Adelar José Provenci, Ari Parisenti, Dirceu de Lima, Euclides Filipini, Joner Miguelão, Juarez Antonio de Souza, Junior Adelar Arenhart, Luiz Antonio Fidelis e Mauro Sérgio Martini

ASSUNTO:

Prorrogações irregulares de contratos decorrentes de licitações.

RELATÓRIO E VOTO:

GAC/AMF - 269/2012

 

 

 

1. RELATÓRIO

 

Tratam os autos de Representação formulada pelos Senhores Adelar José Provenci, Ari Parisenti, Dirceu de Lima, Euclides Filipini, Joner Miguelão, Juarez Antonio de Souza, Junior Adelar Arenhart, Luiz Antonio Fidelis e Mauro Sérgio Martini, vereadores do Município de Herval D´Oeste, noticiando renovação de contratos de locação de bens imóveis pelo Prefeito Municipal, Sr. Nelson Guindani, sem a respectiva autorização legislativa.

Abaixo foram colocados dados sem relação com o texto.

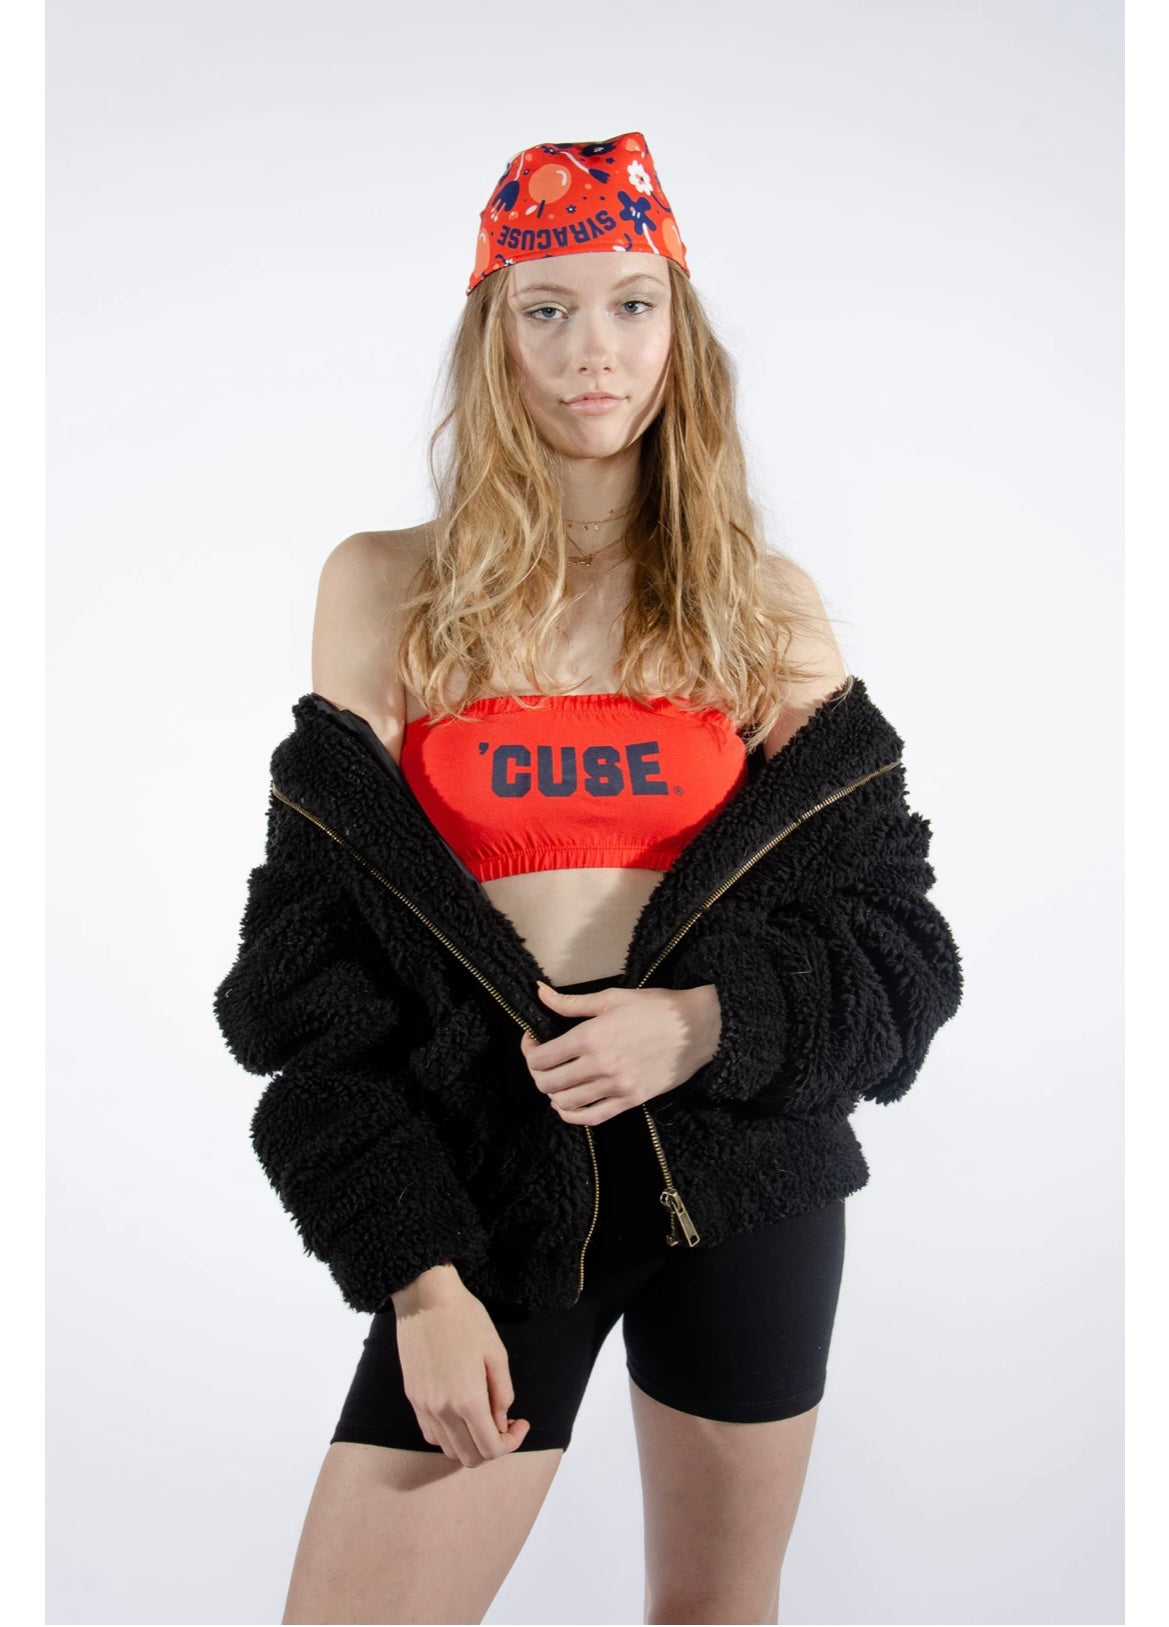 Syracuse Bandeau Top by Hype & Vice

Para o caso, em síntese, os Representantes solicitam, conforme requerimento nº 064/2011 (fls. 02), a abertura de processo de diligência com relação às contas do Prefeito Municipal de Herval d´Oeste, relativas ao exercício de 2009, tendo em vista a renovação de locação de bens imóveis pelo Poder Executivo sem a respectiva autorização do Poder Legislativo, em contrariedade ao art. 18, inciso IX, da Lei Orgânica do Município de Herval d´Oeste, cuja redação foi alterada pela Emenda nº 03, de 20 de outubro de 2009.

Os autos seguiram à Diretoria de Controle de Licitações e Contratações - DLC, que, por meio do Relatório nº 112/2012 (fls. 16-21) sugeriu o conhecimento da representação, por preencher os requisitos e formalidades do art. 65, § 1º c/c art. 66, parágrafo único, da Lei Complementar Estadual n° 202/00 e do art. 2º da Resolução n. TC-07, de 09 de setembro de 2002, e no mérito considerá-la improcedente.

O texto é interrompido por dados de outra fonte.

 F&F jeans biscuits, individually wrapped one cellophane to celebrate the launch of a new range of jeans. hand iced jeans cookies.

O Ministério Público Especial, por intermédio do Parecer nº MPTC/9289/2012 (fl. 22), acompanhou a manifestação da Instrução.

É o relatório.

 

2. FUNDAMENTAÇÃO

 

Consoante previsão expressa do art. 65, § 1º c/c art. 66, parágrafo único, da Lei Complementar (estadual) n. 202/2000 e art. 2º da Resolução n. TC-07, de 09 de setembro de 2002, a representação sobre matéria de competência do Tribunal de Contas deve se referir a administrador sujeito à sua jurisdição, ser redigida em linguagem clara e objetiva, estar acompanhada de indício de prova e conter o nome legível e assinatura do representante, sua qualificação e endereço.

O relatório técnico elaborado pela DLC permite inferir que a matéria objeto da presente representação encontra-se dentre aquelas afetas à fiscalização desta Corte de Contas, qual seja, exame de possíveis irregularidades relacionadas às prorrogações de contratos de locação de imóveis.

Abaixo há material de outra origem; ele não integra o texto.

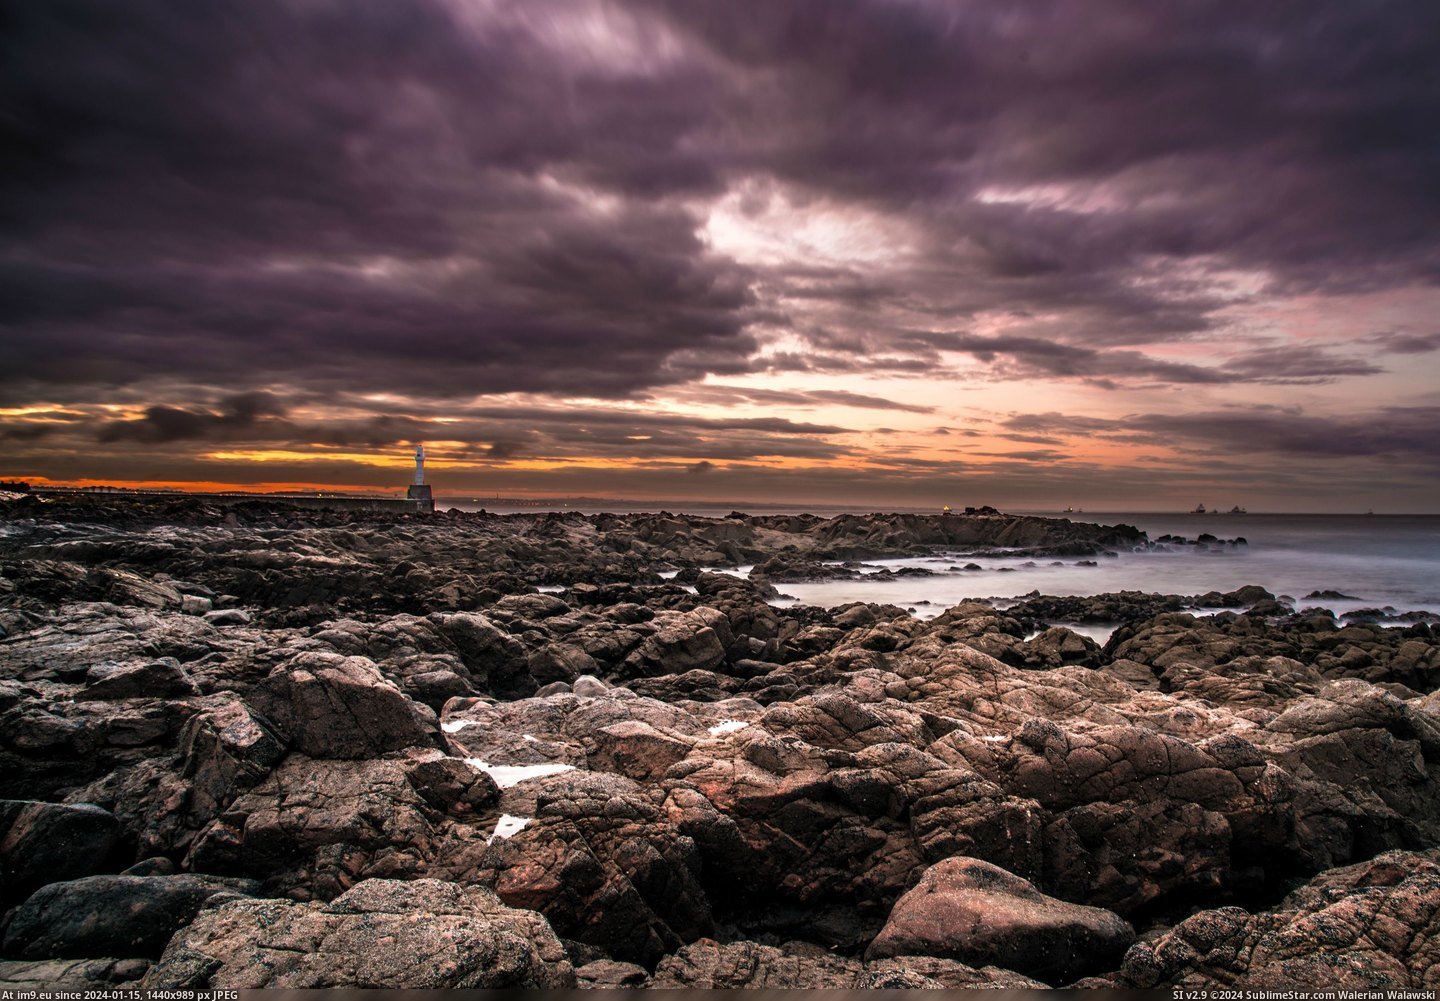 #Long #Gorgeous #Rocks #Exposure #Skies #Bay #Scotland [Earthporn] Clambered down the rocks to take this long exposure of Aberdeen bay in Scotland - some gorgeous skies on this relati Pic. (Image of album My r/EARTHPORN favs))

 De igual modo, do relatório em epígrafe, extrai-se que a representação cumpre as formalidades legais para seu conhecimento, devendo, portanto, ser conhecida.

Quanto ao mérito, de outro lado, extrai-se da análise realizada pela DLC serem improcedentes os argumentos deduzidos pelos Representantes, o que foi acompanhado pelo MPTC.

De fato, entendo ser improcedente a representação, vejamos:

Os representantes alegam que houve renovação de locação de bens imóveis sem a respectiva autorização do Poder Legislativo Municipal, em afronta ao inciso IX do art. 18 da Lei Orgânica do Município de Herval d’ Oeste, alterado pela Emenda nº 03/2009, passando a dispor da seguinte redação:

Art. 18 - Compete a Câmara Municipal, com a sanção do Prefeito Municipal, dispor sobre todas as matérias de competência do Município, enumeradas nesta Lei Orgânica e, especialmente:

[...]

IX – autorizar a aquisição, locação e renovação de locação de bens imóveis, salvo quando se tratar de doação sem encargo;

 

A DLC, ao examinar a representação, entendeu que:

[...]

Sendo assim, perante o caso concreto sugere-se o afastamento da aplicabilidade da norma do inciso IX do art. 18, no que tange à necessidade de autorização legislativa para a locação de bens imóveis e sua renovação por afrontar o princípio da separação dos poderes previstos no art. 2º da Constituição Federal, com fundamento na Súmula 347 do Supremo Tribunal Federal que dispõe que o “Tribunal de Contas, no exercício de suas atribuições, pode apreciar a constitucionalidade das leis e dos atos do Poder Público”.

 

No que tange à renovação de contratos de locação de imóveis, entendo que tal atividade é tipicamente administrativa, não necessitando de autorização legislativa.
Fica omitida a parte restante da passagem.